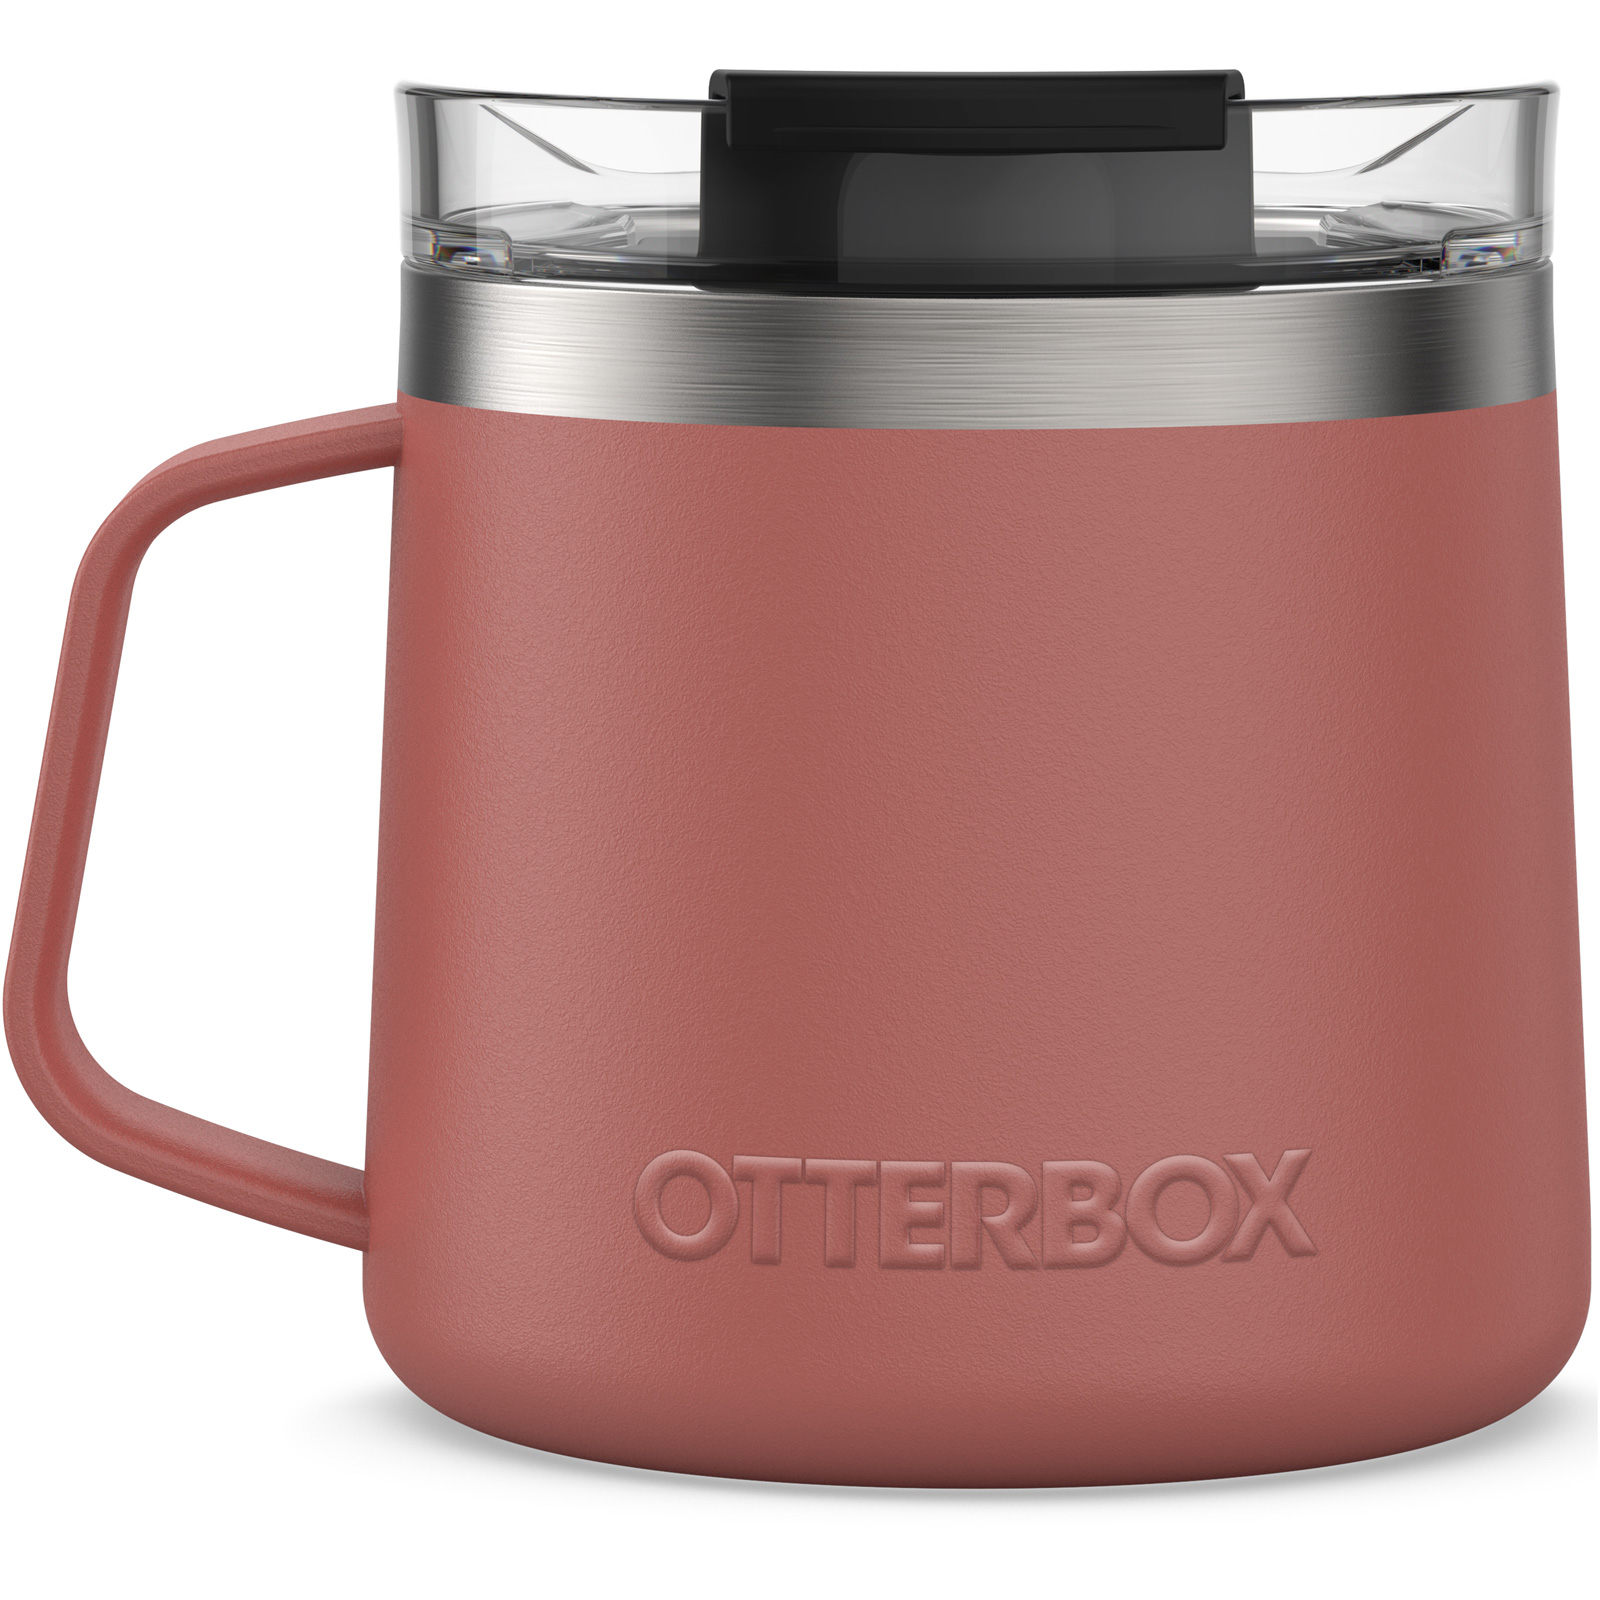 https://www.otterbox.com/on/demandware.static/-/Sites-masterCatalog/default/dw98078132/productimages/dis/outdoor/otr57-mug-14/otr57-mug-14-baked-1.jpg
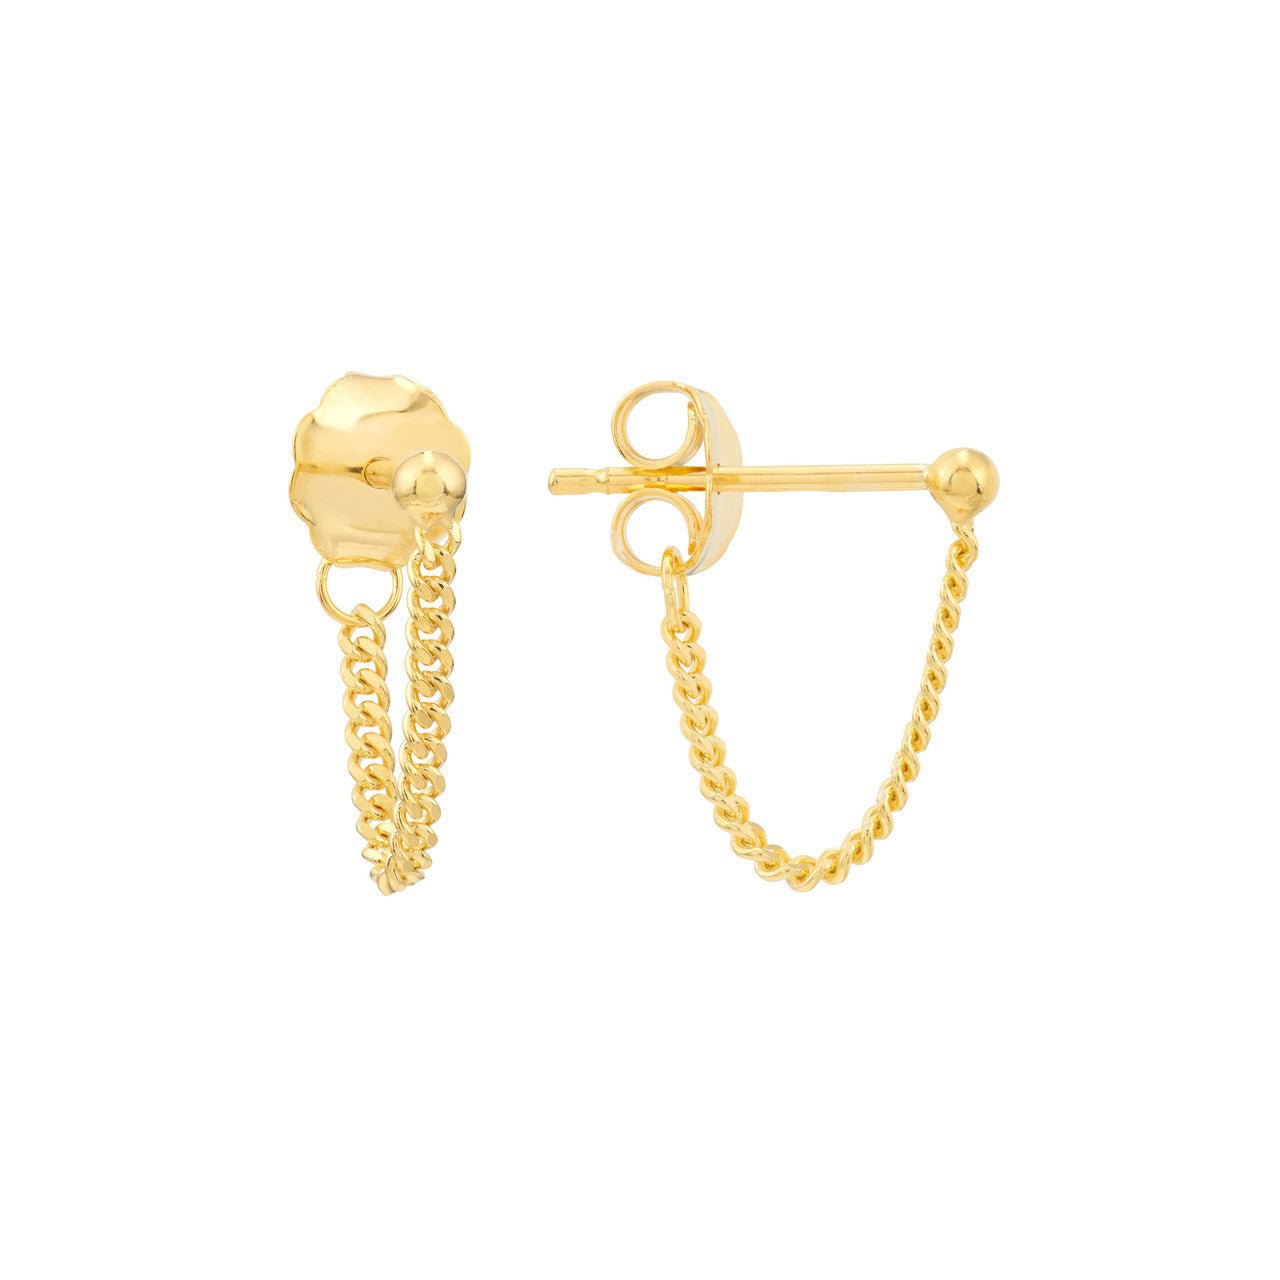 Latest gold earrings designs - Simple Craft Idea
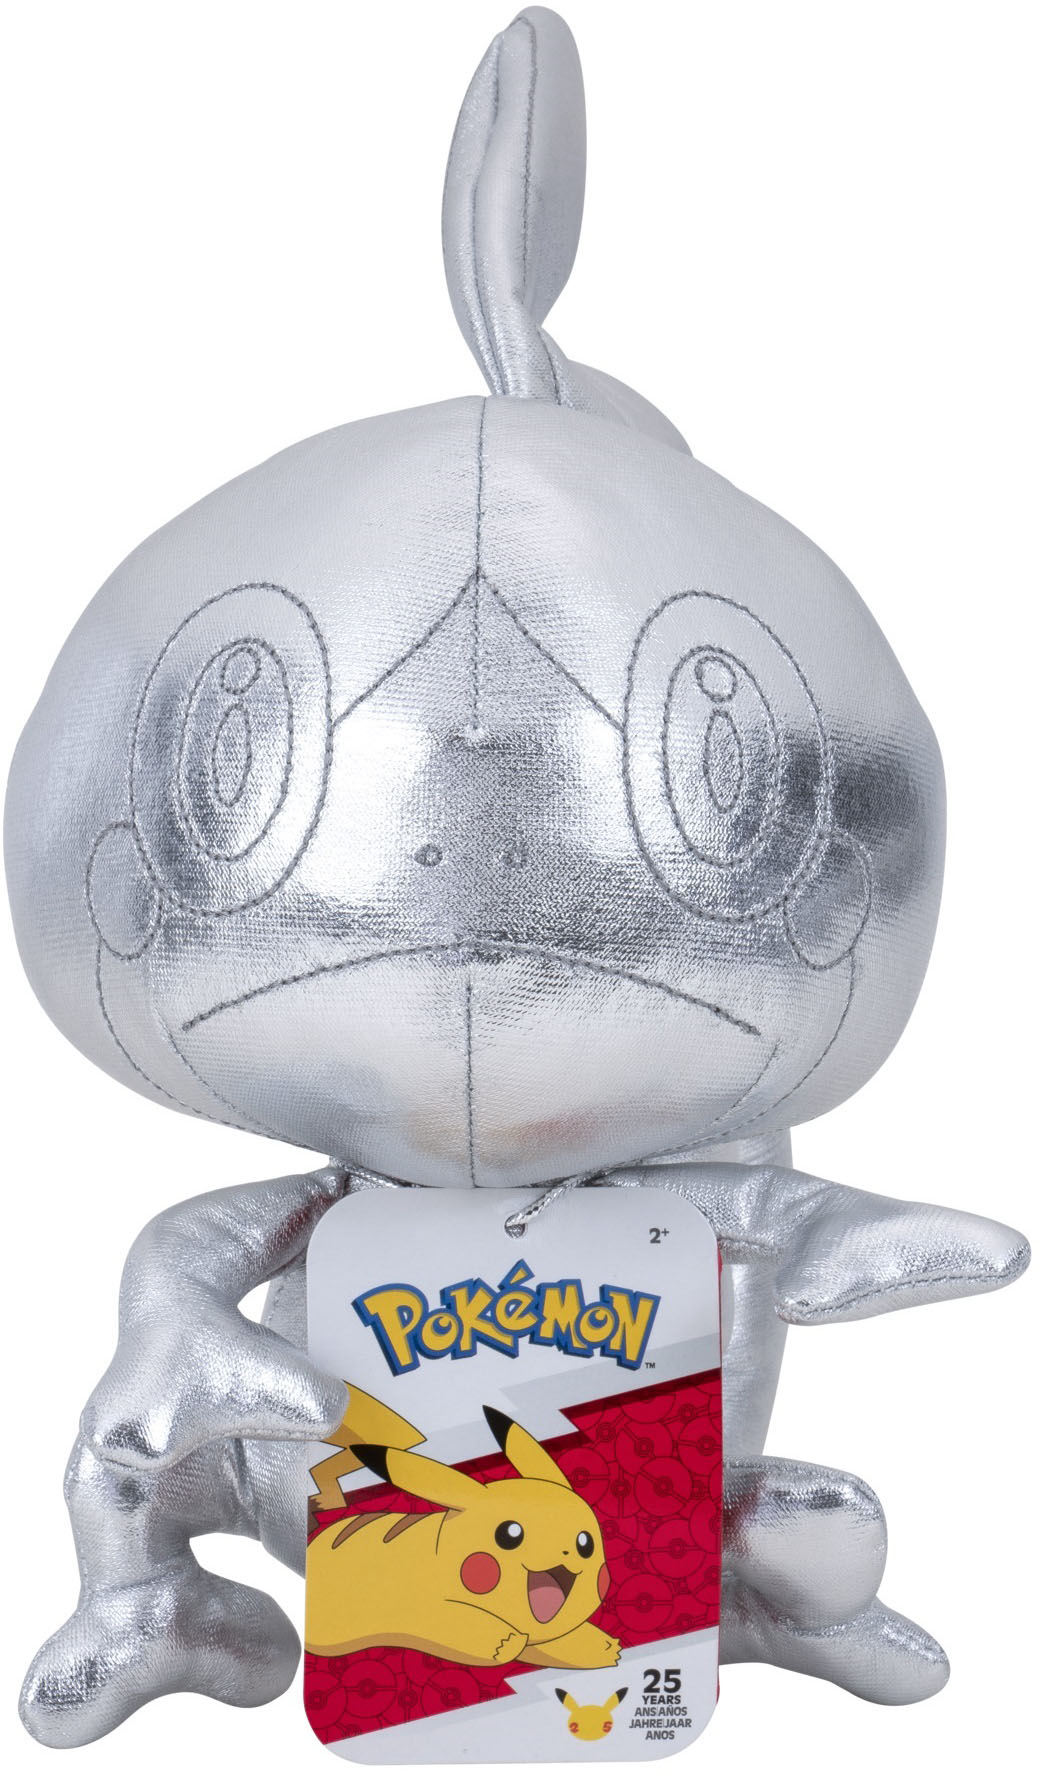  Pokémon 8 Silver Pikachu 25th Anniversary Plush
━━━━━━━━
Produce a verbatim copy of the listing, leaving out all pictures.

ANSWER TO THIS TASK:
 https://www.otterbox.com/on/demandware.static/-/Sites-masterCatalog/default/dw98078132/productimages/dis/outdoor/otr57-mug-14/otr57-mug-14-baked-1.jpg
 Latest gold earrings designs - Simple Craft Idea
  Pokémon 8 Silver Pikachu 25th Anniversary Plush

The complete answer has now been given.